(WHAT THE TASK ASKS)
Give every line of the data again, unchanged, but with no pictures.

(INPUT DATA)
______

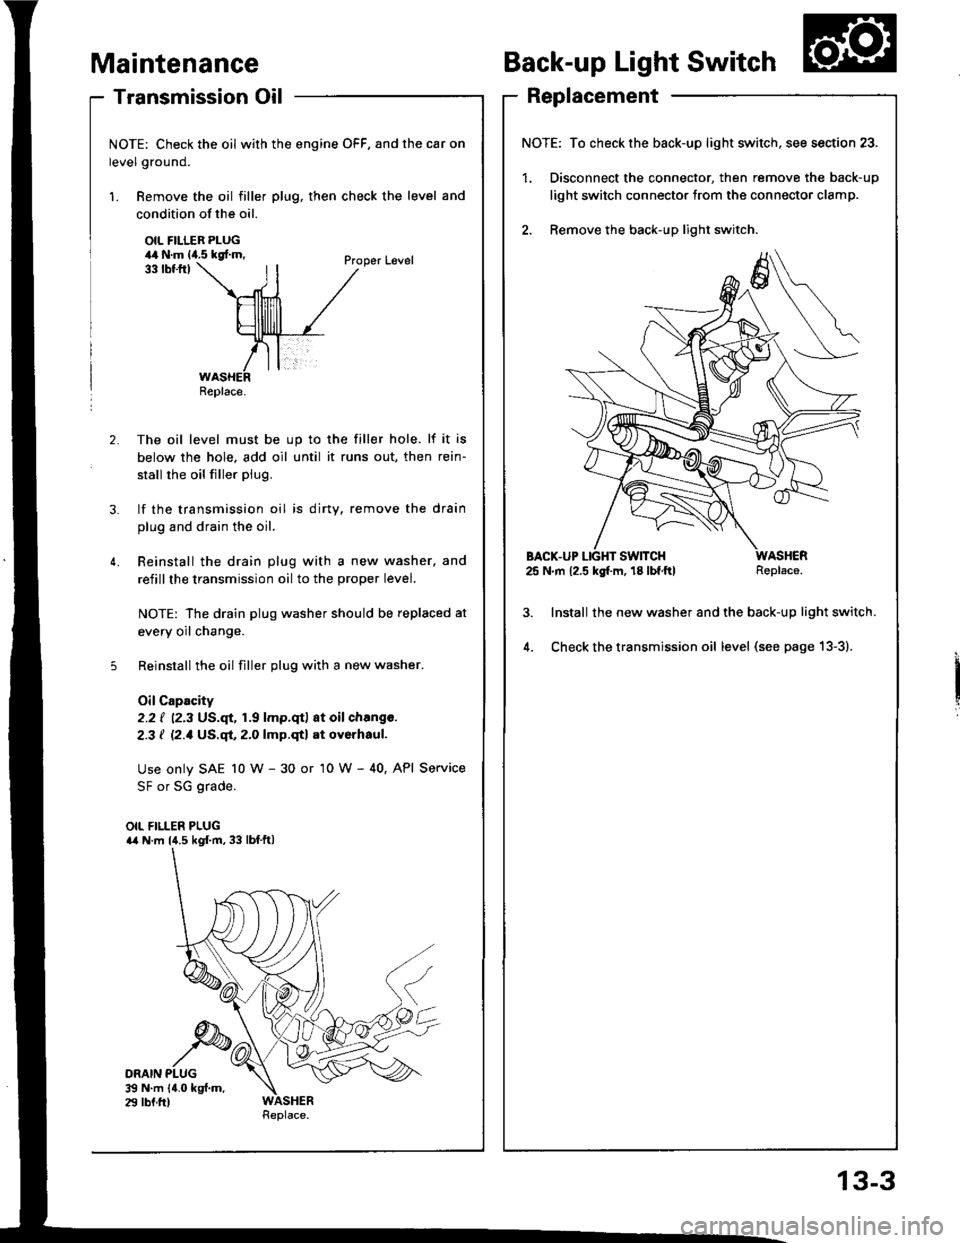 ACURA INTEGRA 1994  Service Repair Manual - Transmission Oil
NOTE: Check the oil with the engine OFF, and the car on
level ground.
1. Remove the oil filler plug, then check the level and
Maintenance
condition of the oil.
OIL FILLER PLUG44 N.m
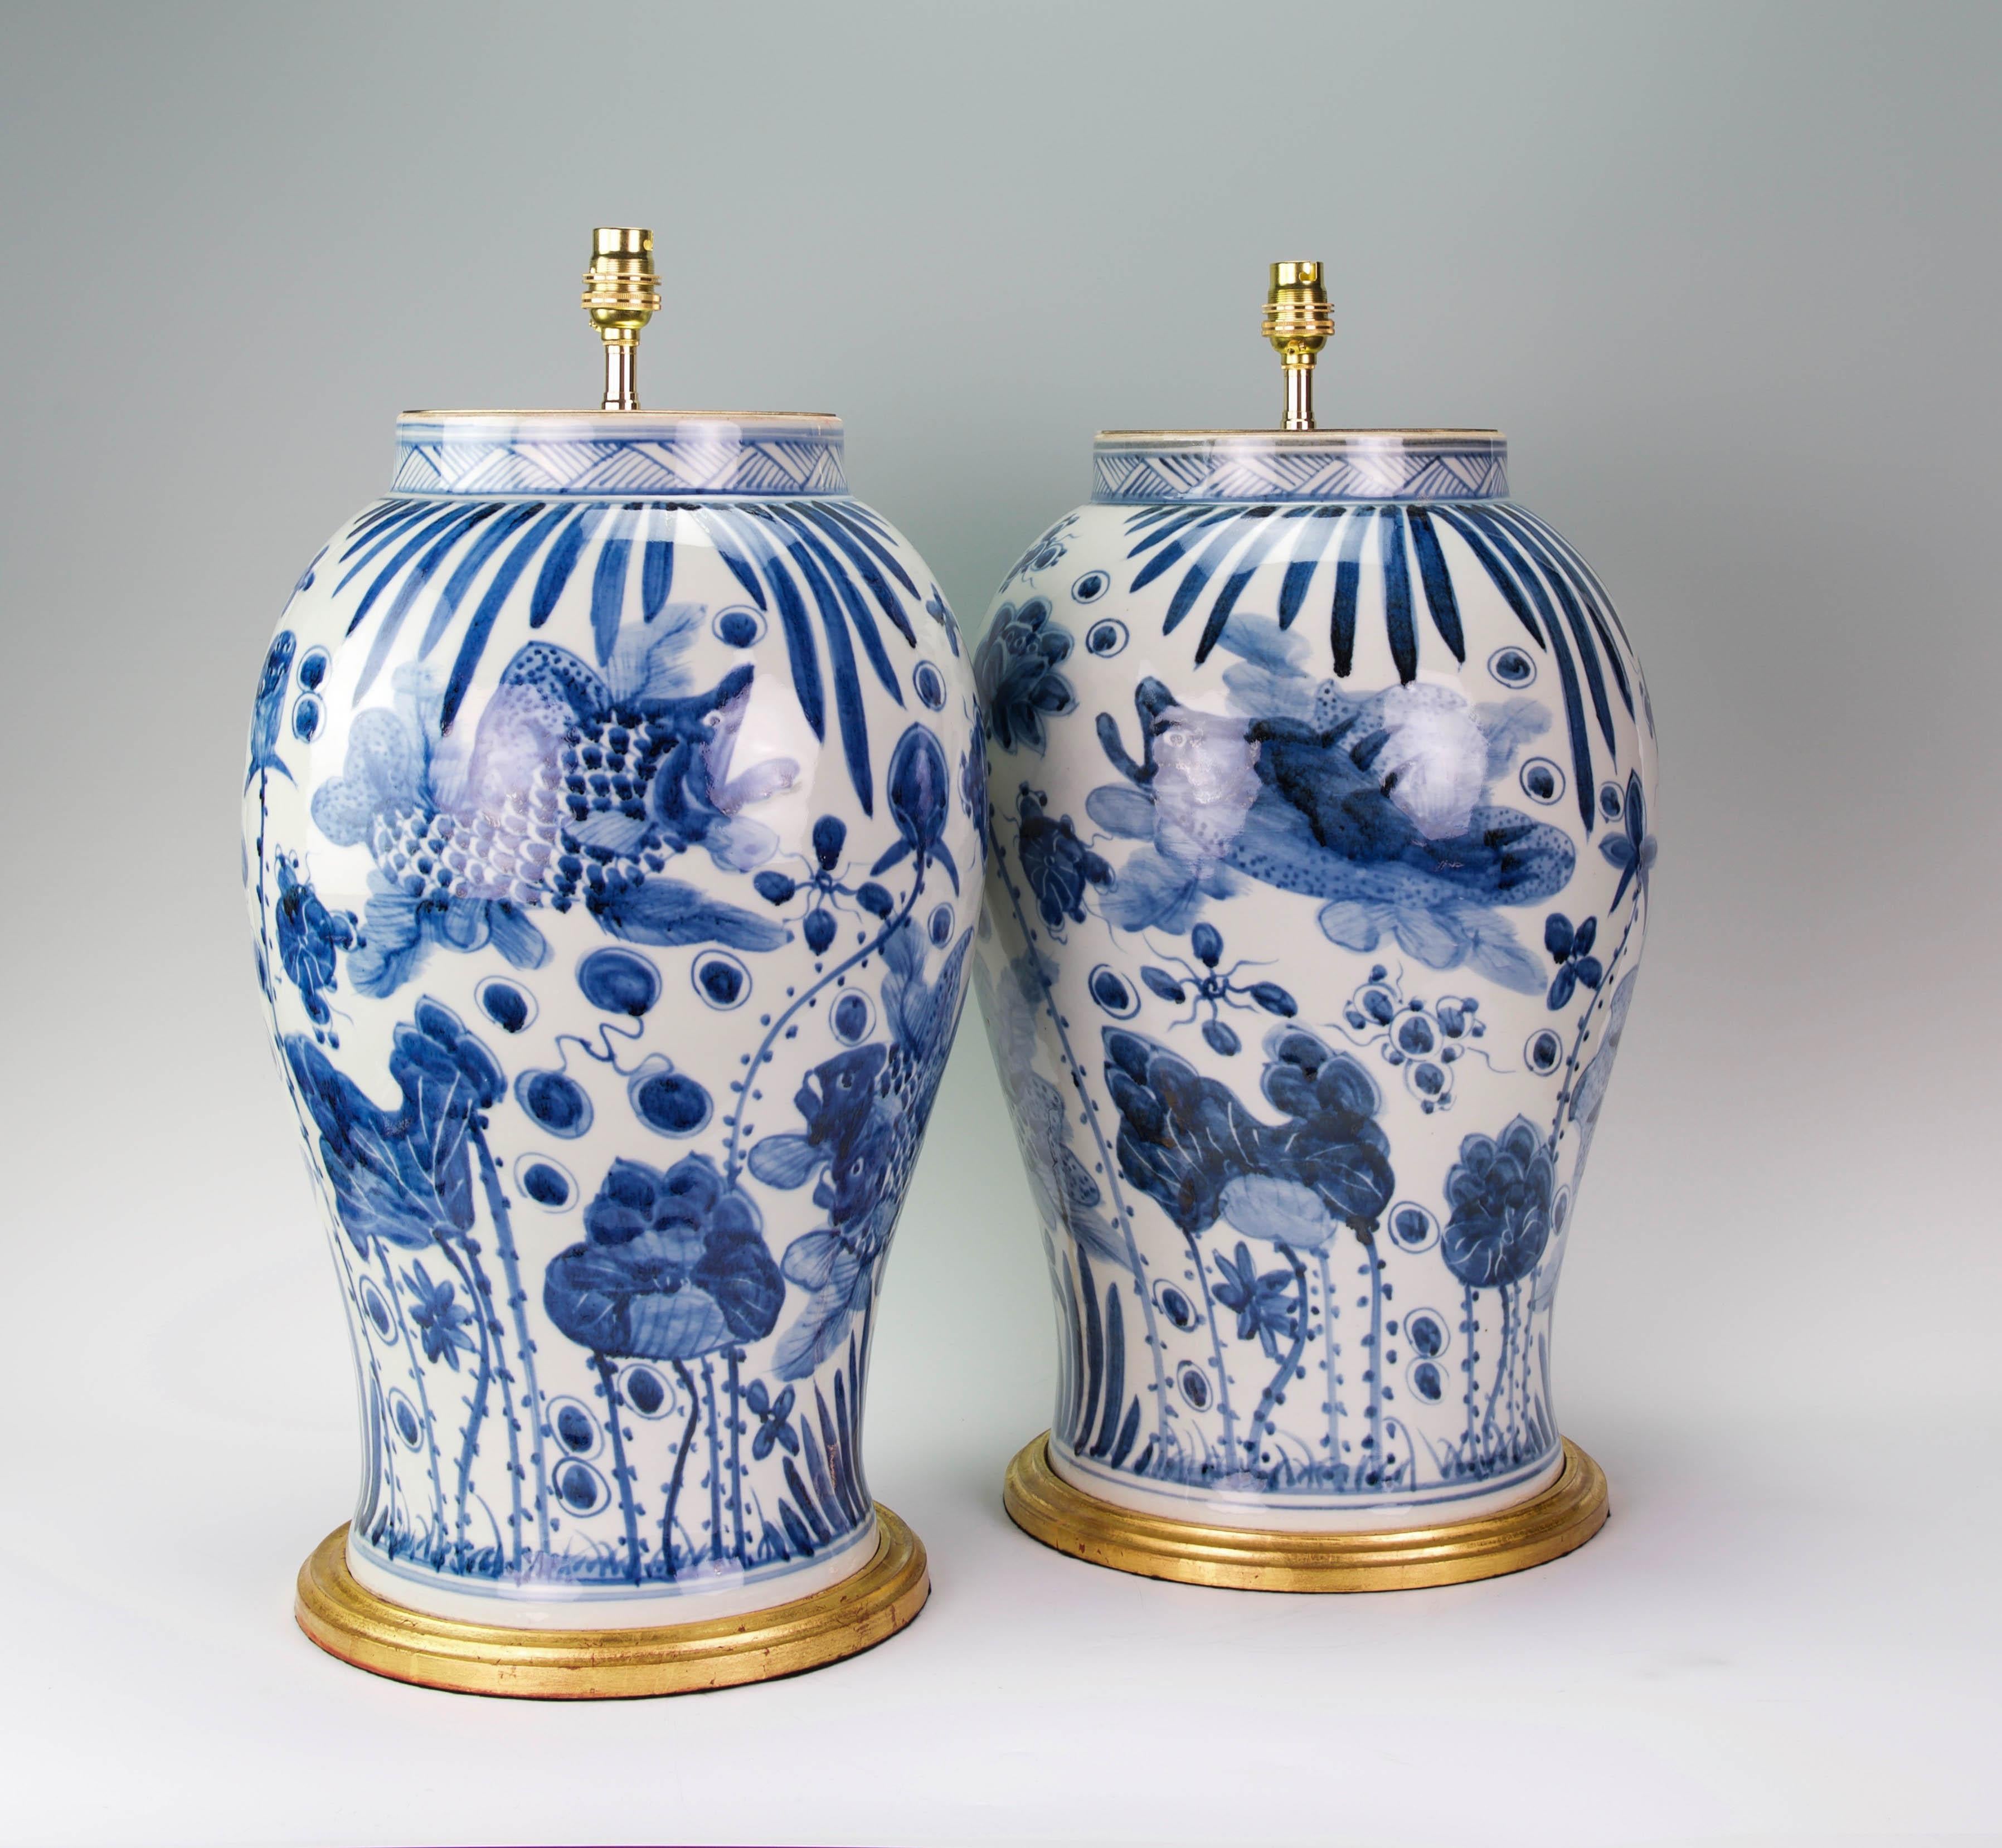 A fine pair of large Chinese blue and white vases decorated throughout in the Kangxi style, with superb fish and aquatic plants in tones of blues on a white ground, now mounted as lamps with hand gilded turned bases.

Height of vases: 18 1/2 in
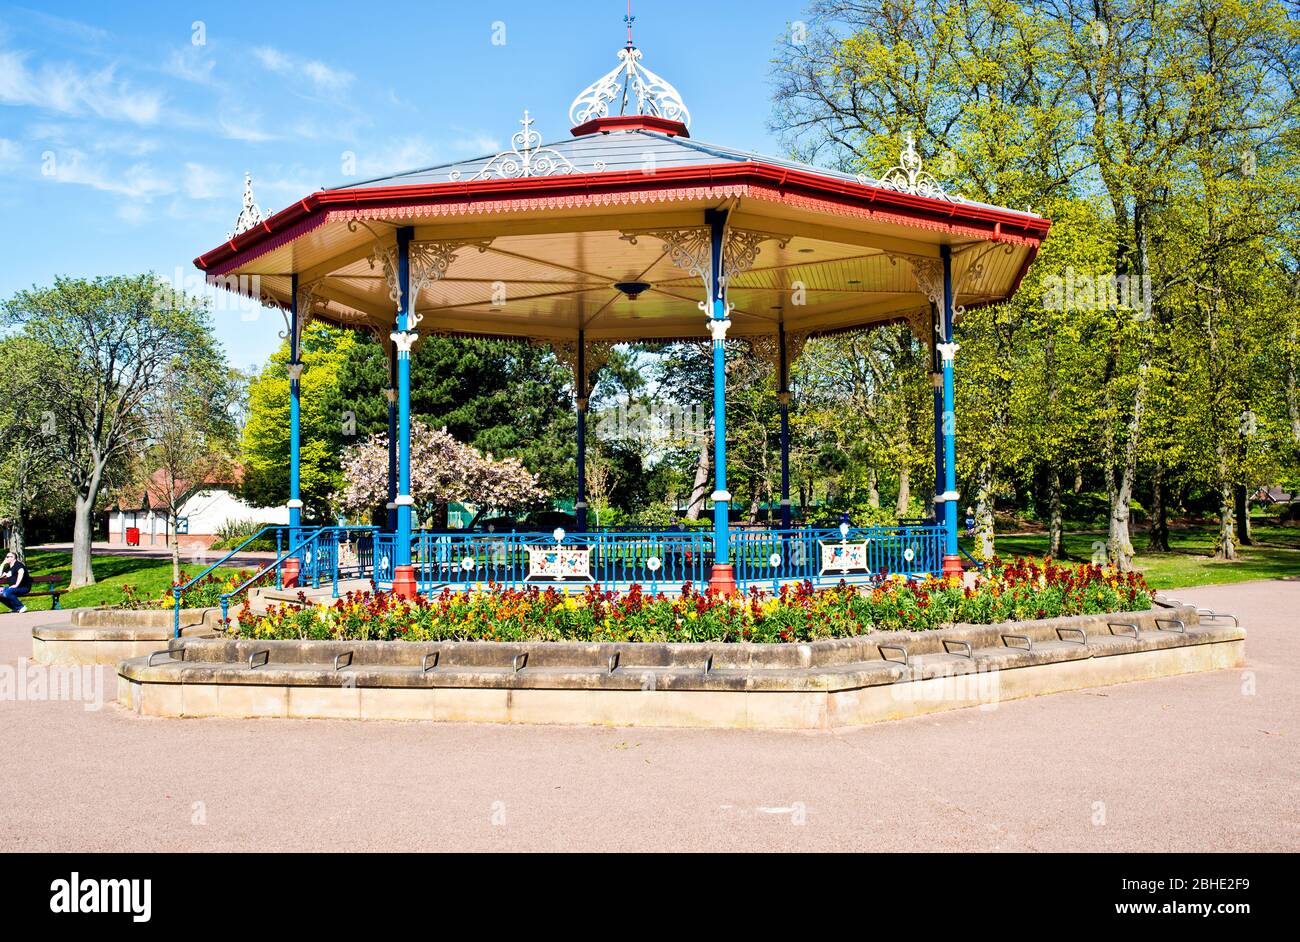 Bandstand, Ropner Park, Stockton on Tees, Cleveland, England Stock Photo
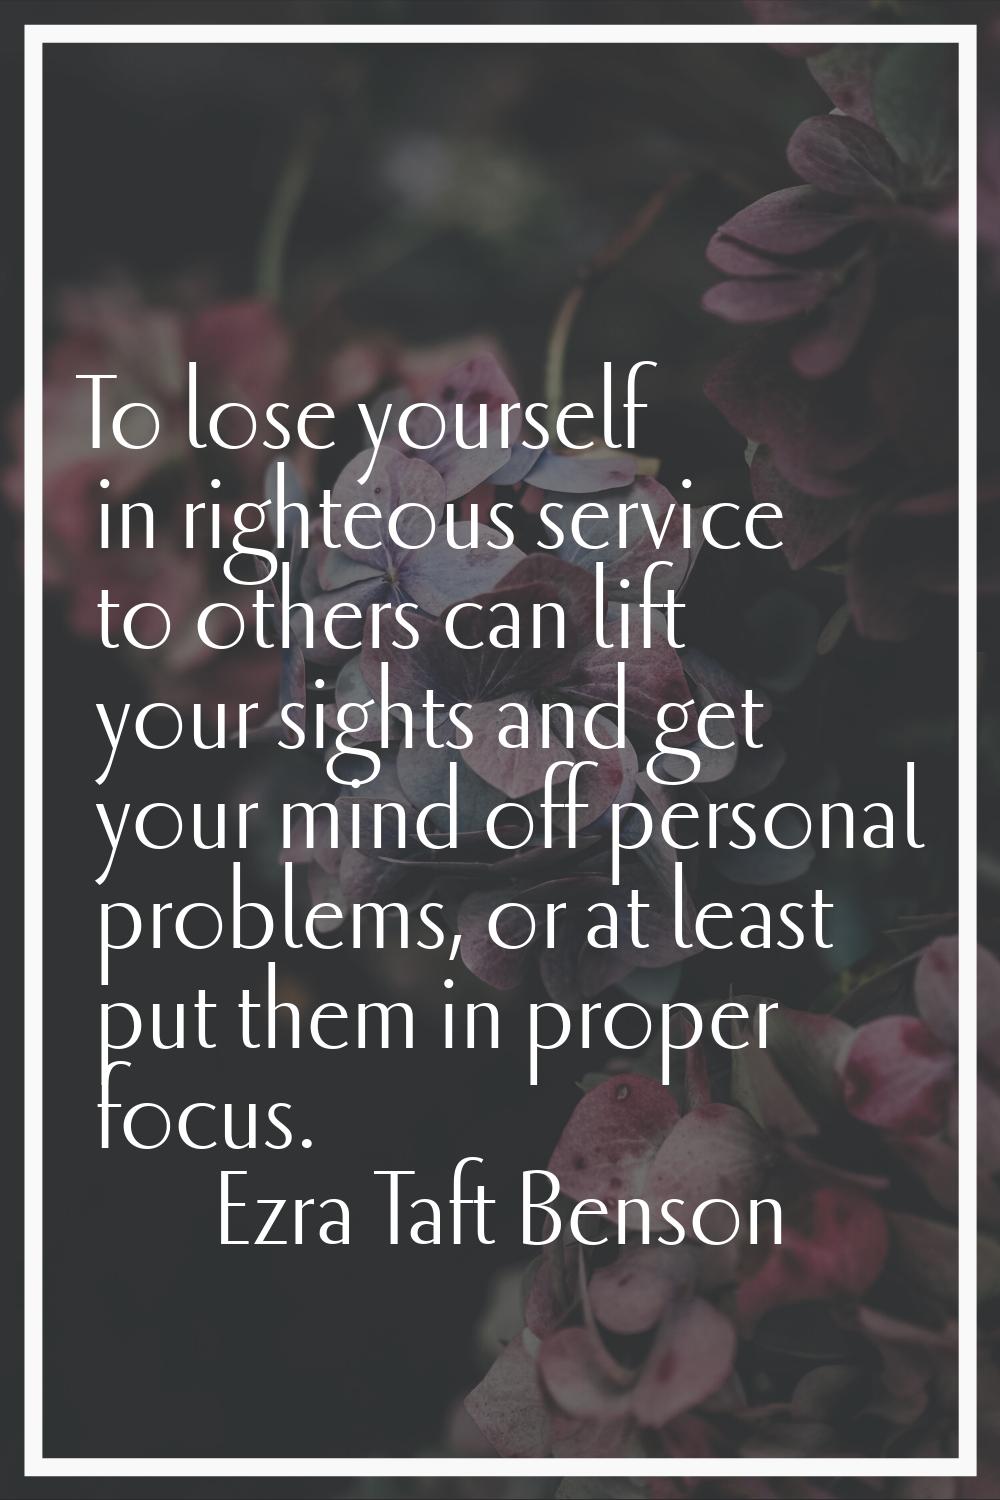 To lose yourself in righteous service to others can lift your sights and get your mind off personal

______

(TASK RESPONSE)
 ACURA INTEGRA 1994  Service Repair Manual - Transmission Oil
NOTE: Check the oil with the engine OFF, and the car on
level ground.
1. Remove the oil filler plug, then check the level and
Maintenance
condition of the oil.
OIL FILLER PLUG44 N.m
 A fine pair of large Chinese blue and white vases decorated throughout in the Kangxi style, with superb fish and aquatic plants in tones of blues on a white ground, now mounted as lamps with hand gilded turned bases.

Height of vases: 18 1/2 in
 Bandstand, Ropner Park, Stockton on Tees, Cleveland, England Stock Photo
 To lose yourself in righteous service to others can lift your sights and get your mind off personal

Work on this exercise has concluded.